Funérailles du président Lansana Conté

Funérailles du président Lansana Conté

Photo : AFP / Seyllou

Radio-Canada
Prenez note que cet article publié en 2008 pourrait contenir des informations qui ne sont plus à jour.

Un dernier hommage est rendu à l'ancien président Lansana Conté, au moment où la junte militaire conforte son pouvoir.

Plusieurs chefs d'État africains et plus de 30 000 personnes ont assisté, vendredi, aux funérailles nationales du président guinéen Lansana Conté, décédé quatre jours plus tôt après 24 ans de règne très contesté.
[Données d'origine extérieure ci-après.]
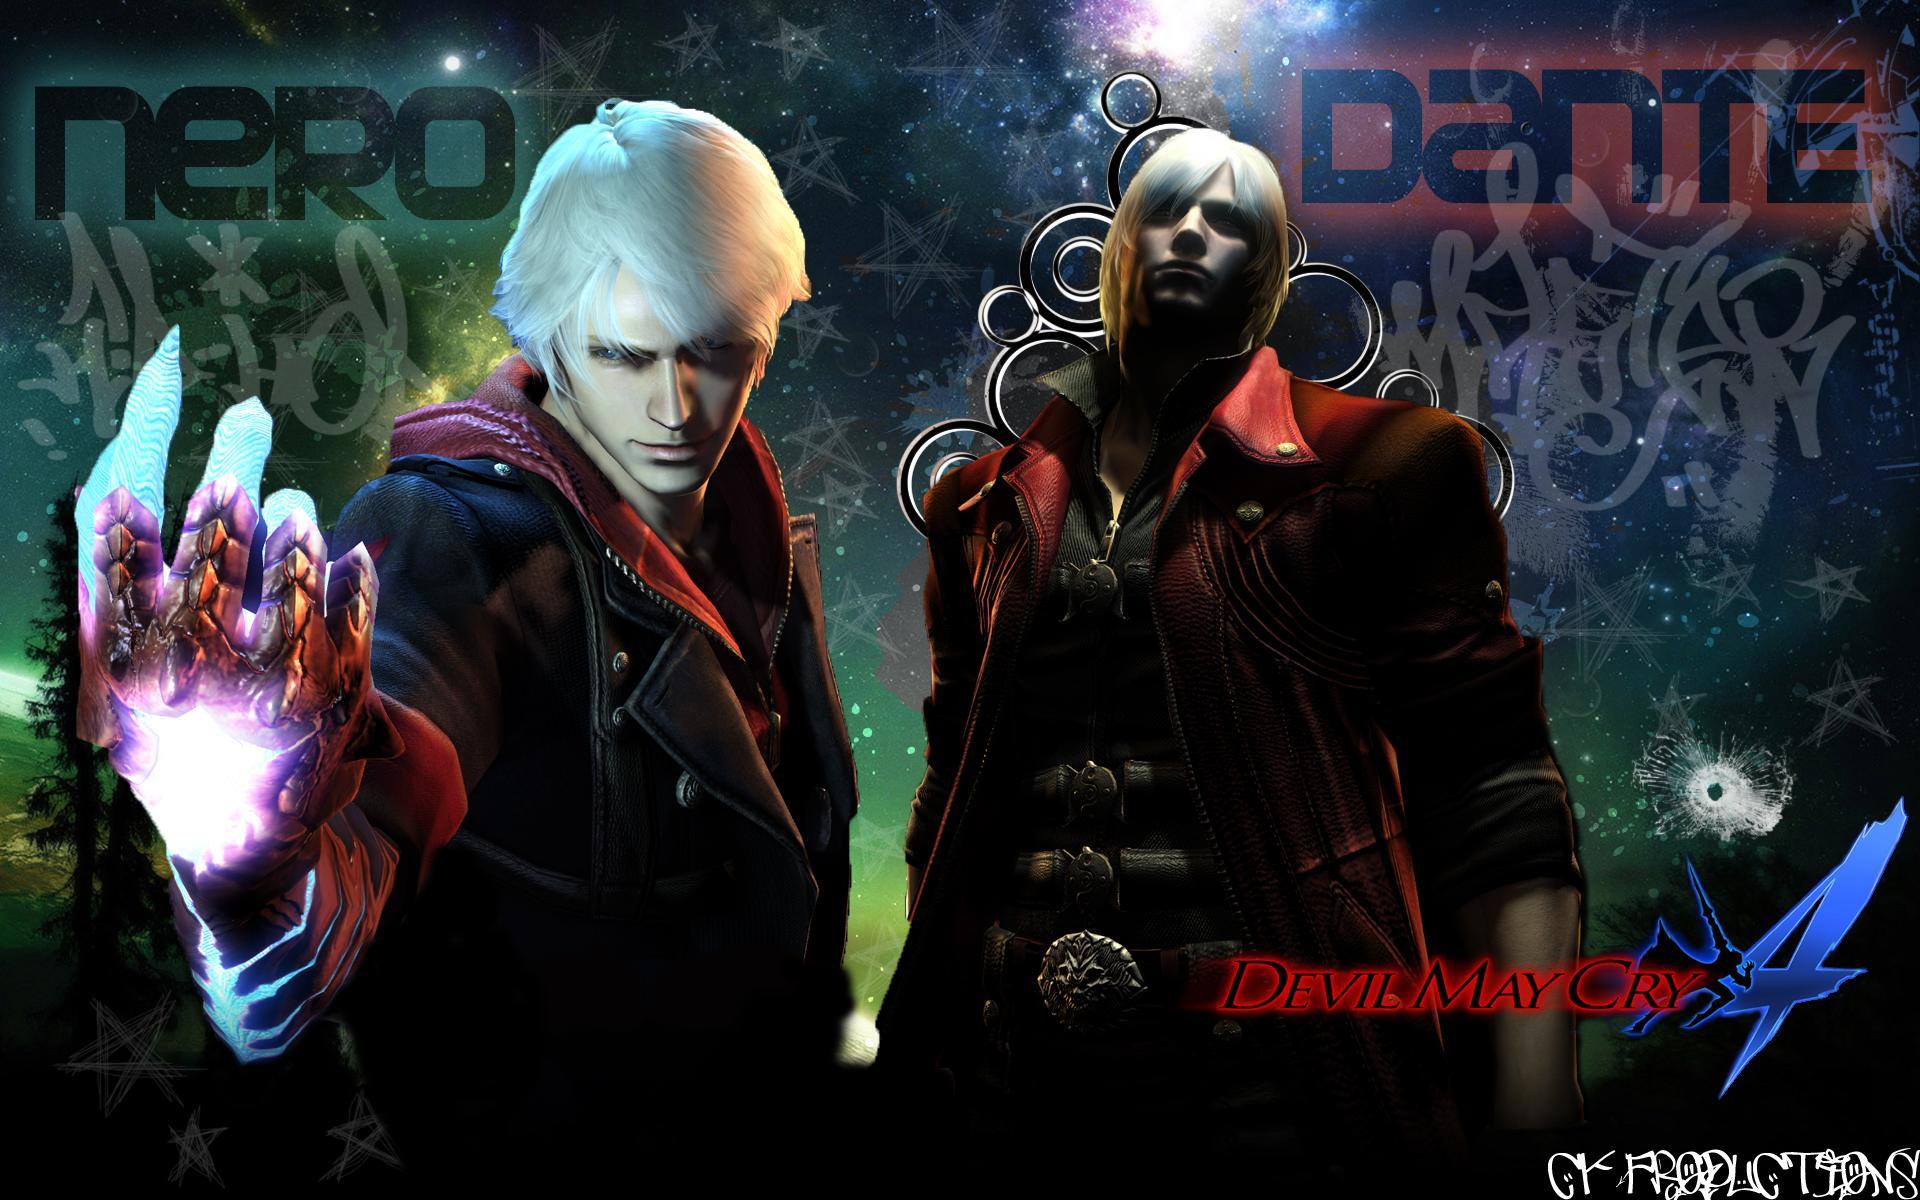 Devil May Cry 4 wallpaper 7
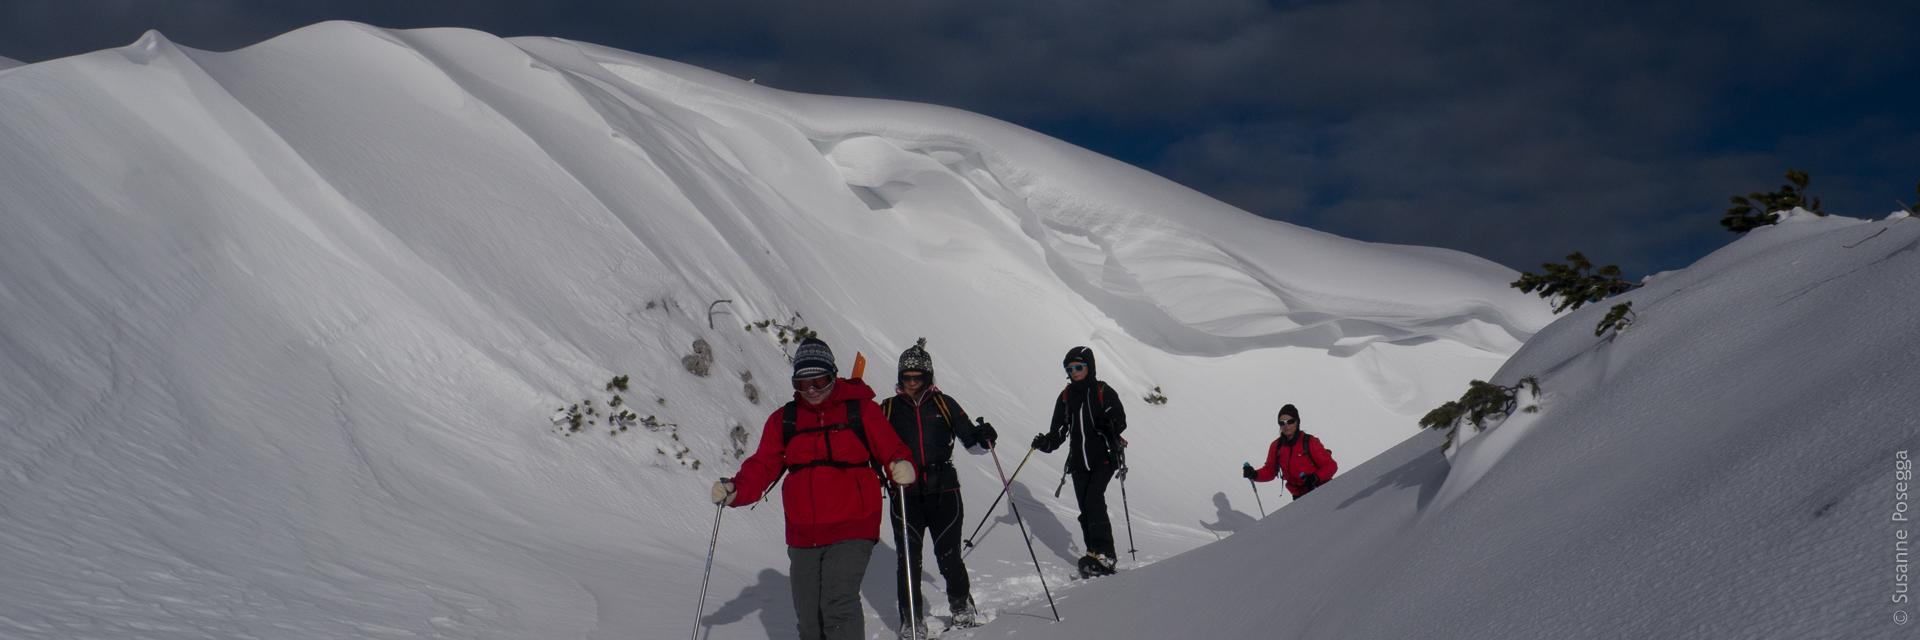 Schneeschuhwandern_©Susanne_Posegga__1400185

Des centaines de Guinéens se sont aussi rassemblés devant l'Assemblée nationale à Conakry pour assister aux obsèques. Le cortège funèbre a ensuite parcouru les rues de la capitale pour un dernier adieu.

Le corps du défunt général devait ensuite être transporté jusqu'à sa ville natale de Moussayah, où il sera inhumé.

Un peu plus tôt dans la journée, une cérémonie avait lieu au Palais du peuple en présence de plusieurs milliers de personnes, en majorité vêtues de blanc, en signe de deuil.

Outre les dignitaires du régime et de nombreux militaires, plusieurs opposants au chef d'État et leaders syndicaux, qui l'avaient vivement contesté ces dernières années, s'étaient joints à la cérémonie.

Étaient également présents les présidents Laurent Gbagbo (Côte d'Ivoire), Joao Bernardo Vieira (Guinée-Bissau), Ellen Johnson Sirleaf (Liberia) et Ernest Bai Koroma (Sierra Leone) ainsi que le président de la Commission de l'Union africaine (UA), Jean Ping.

La junte de Moussa Dadis Camara, qui a pris le contrôle du pays à la suite d'un coup d'État militaire, avait promis d'offrir des funérailles grandioses à l'ancien dirigeant.

Lansana Conté

Deuxième président de Guinée, Lansana Conté était lui-même arrivé au pouvoir par un coup d'État, en 1984, après la mort d'Ahmed Sékou Touré, le « père de l'indépendance ».

On le décrit comme un dictateur à la poigne de fer doublé d'un paranoïaque.

Il avait imposé au pays un régime socialisant, saupoudré d'un multipartisme de façade. Le général-président a gagné haut la main les élections de 1993, 1998 et 2003, des scrutins dénoncés comme frauduleux.

Lansana Conté avait remporté la dernière élection avec un score « soviétique » de 95 % des voix.

La junte assoit son pouvoir

Jeudi, une évolution notable était enregistrée en Guinée, alors que la junte au pouvoir confortait sa position à la tête du pays.

Le capitaine Moussa Dadis Camara, le chef des putschistes, avec le ministre de la Défense Almamy Kebele Camara et le premier ministre Ahmed Tidiane Souare.Agrandir l’image (Nouvelle fenêtre)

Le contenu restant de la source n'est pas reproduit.